→ **Problem to work on**: Give back an exact copy of the listing that follows, without the pictures.

→ **The data**:
++++

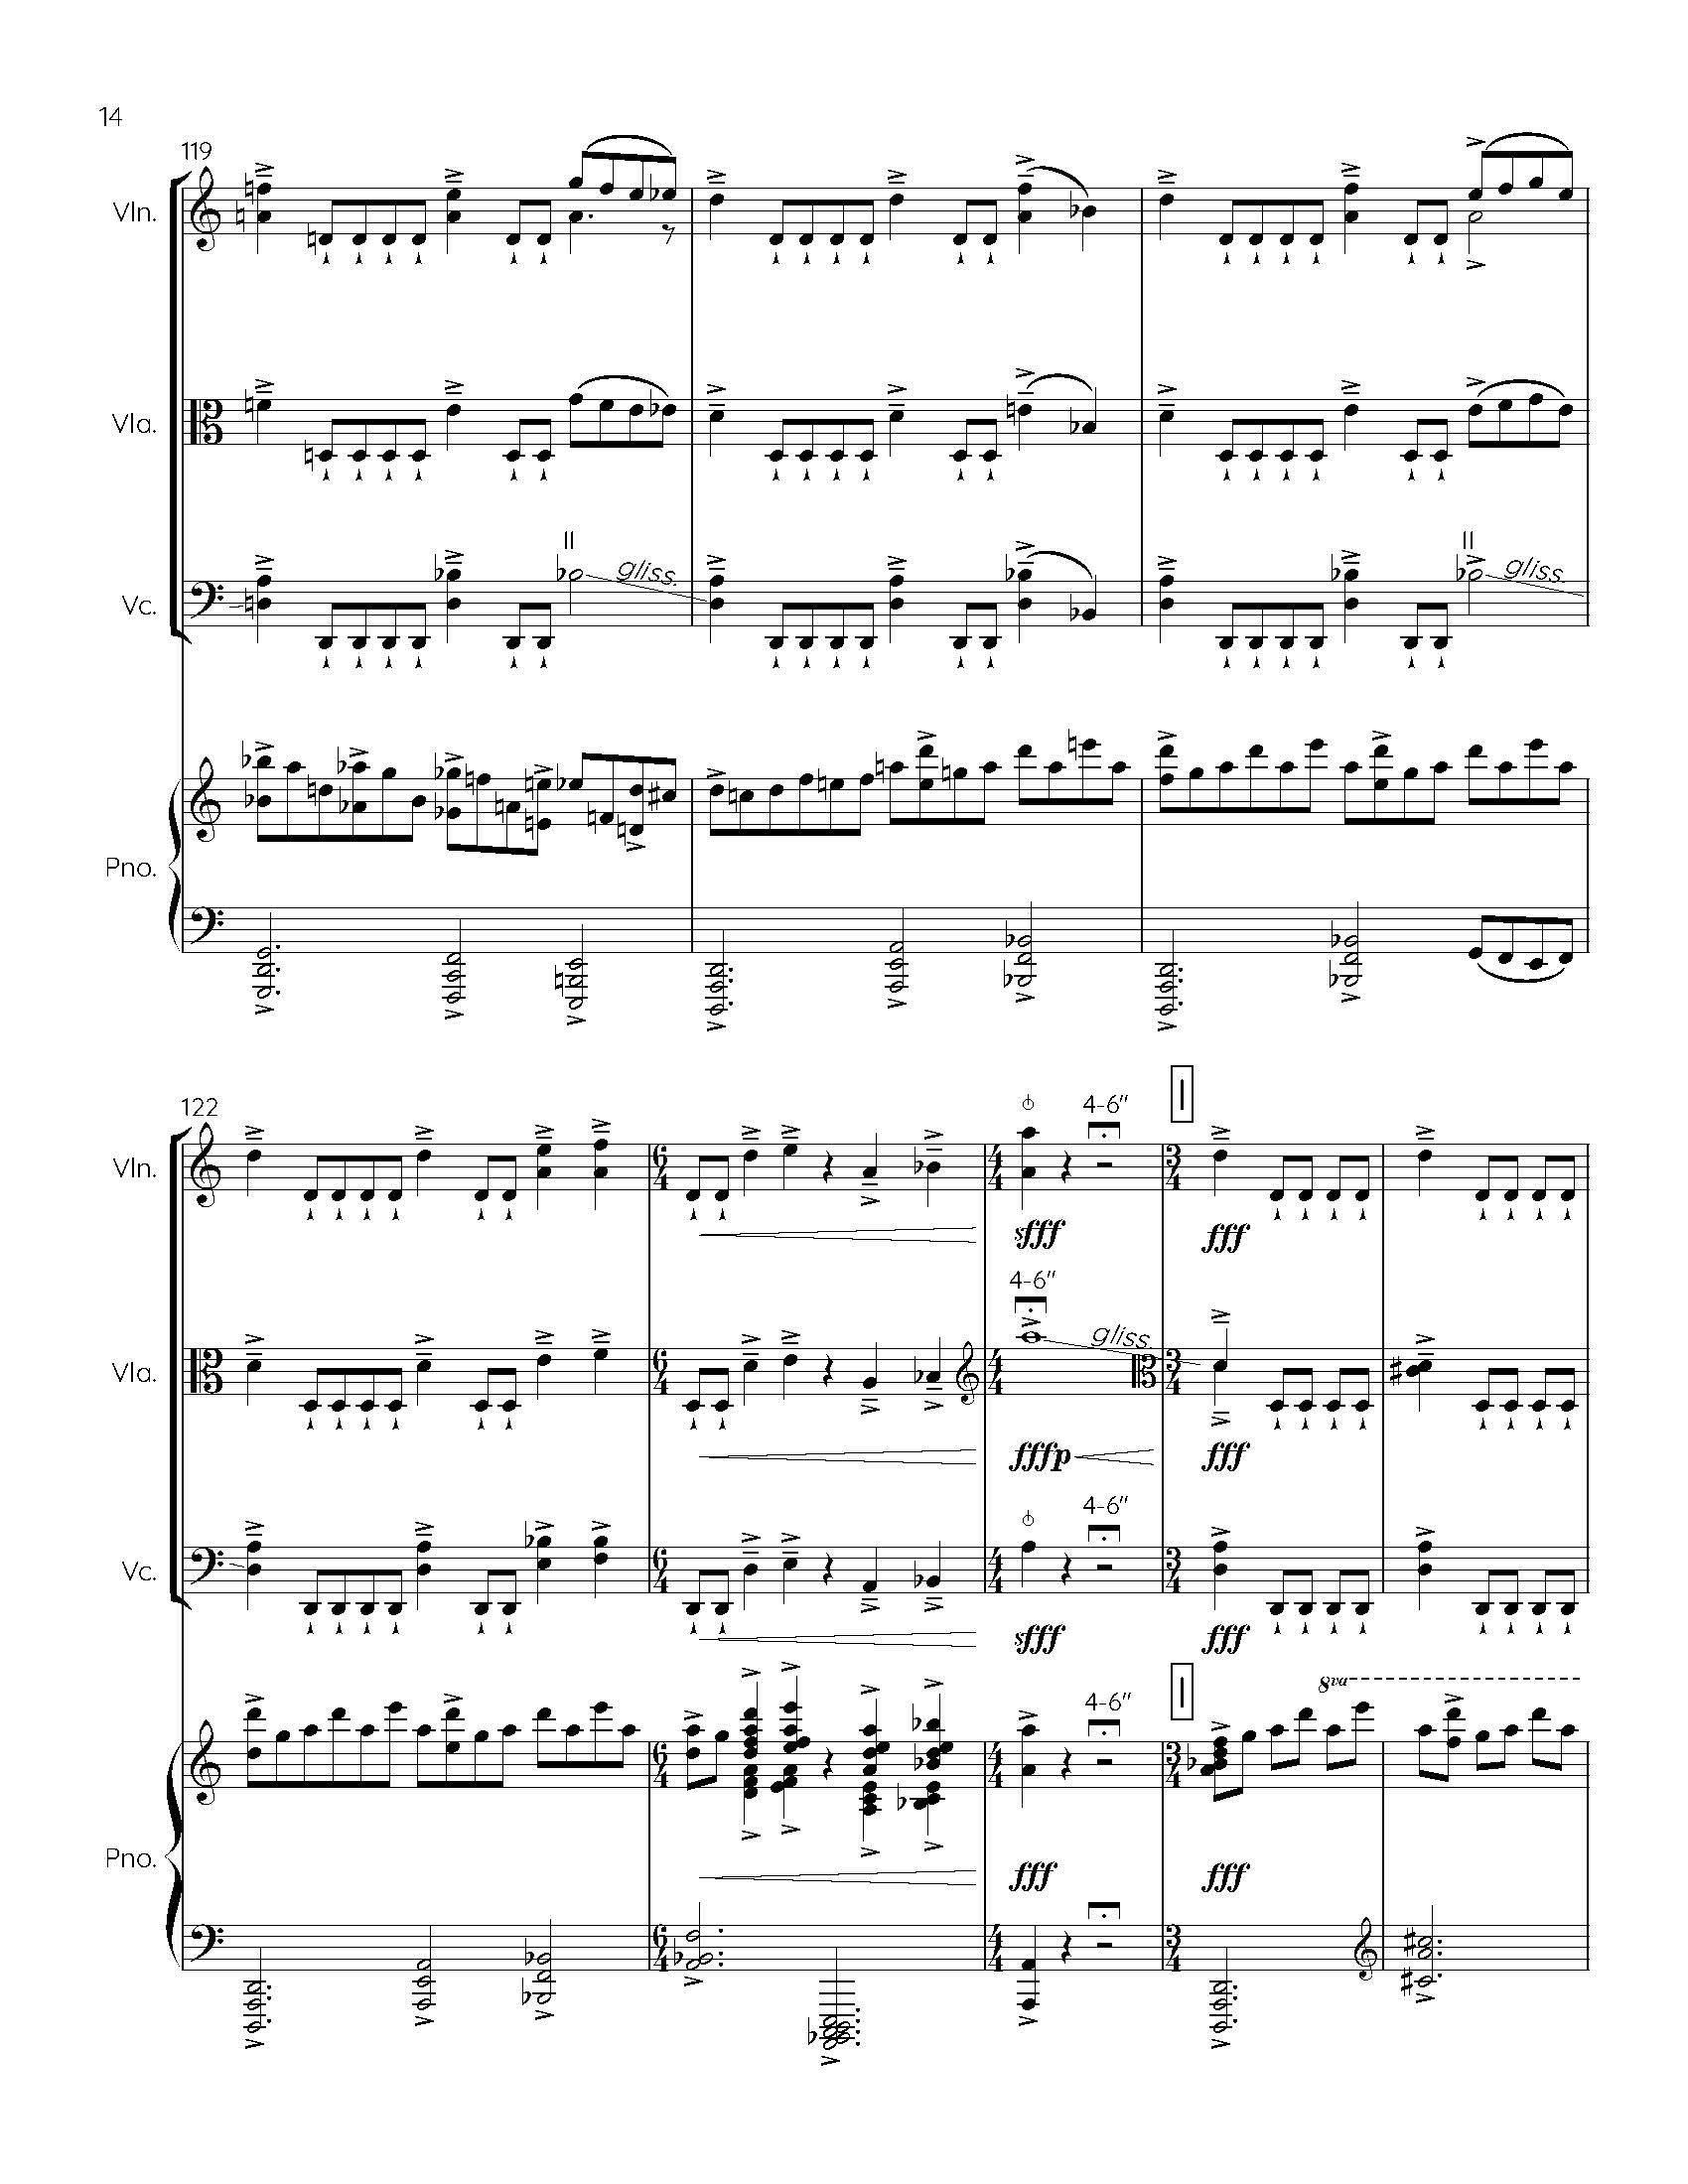 I S L A N D I - Complete Score_Page_20.jpg
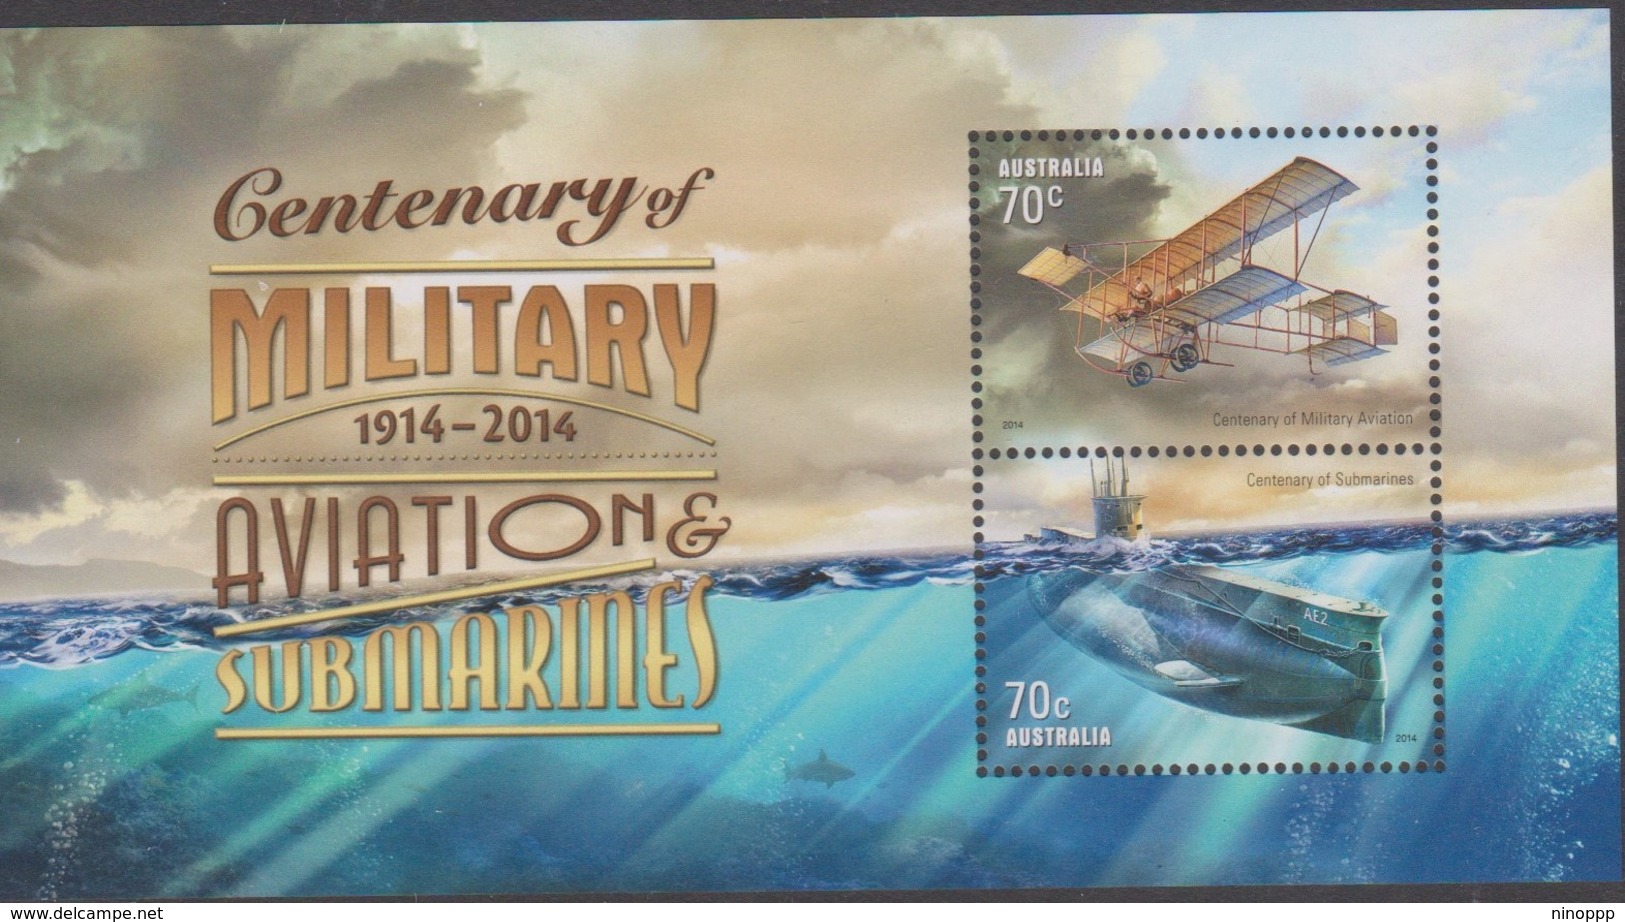 Australia ASC 3221MS 2014 Military Aviation And Submarine Miniature Sheet,mint Never Hinged - Mint Stamps
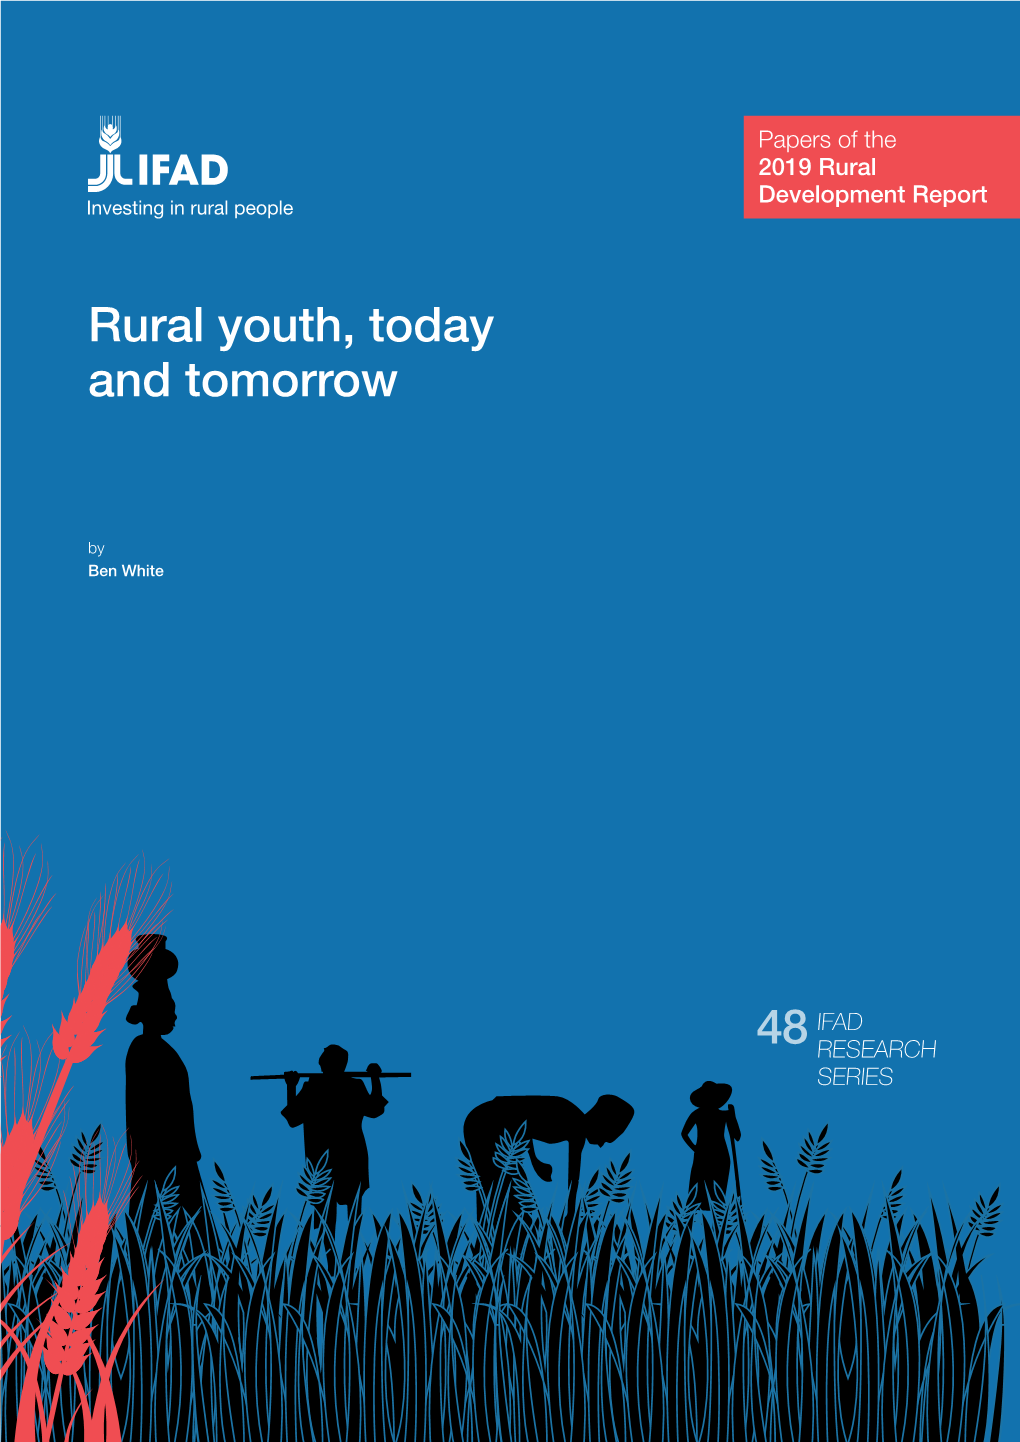 Rural Youth, Today and Tomorrow (Ben White)

++++

→ **Response below**:
 I S L A N D I - Complete Score_Page_20.jpg
 Australia ASC 3221MS 2014 Military Aviation And Submarine Miniature Sheet,mint Never Hinged - Mint Stamps
 Rural Youth, Today and Tomorrow (Ben White)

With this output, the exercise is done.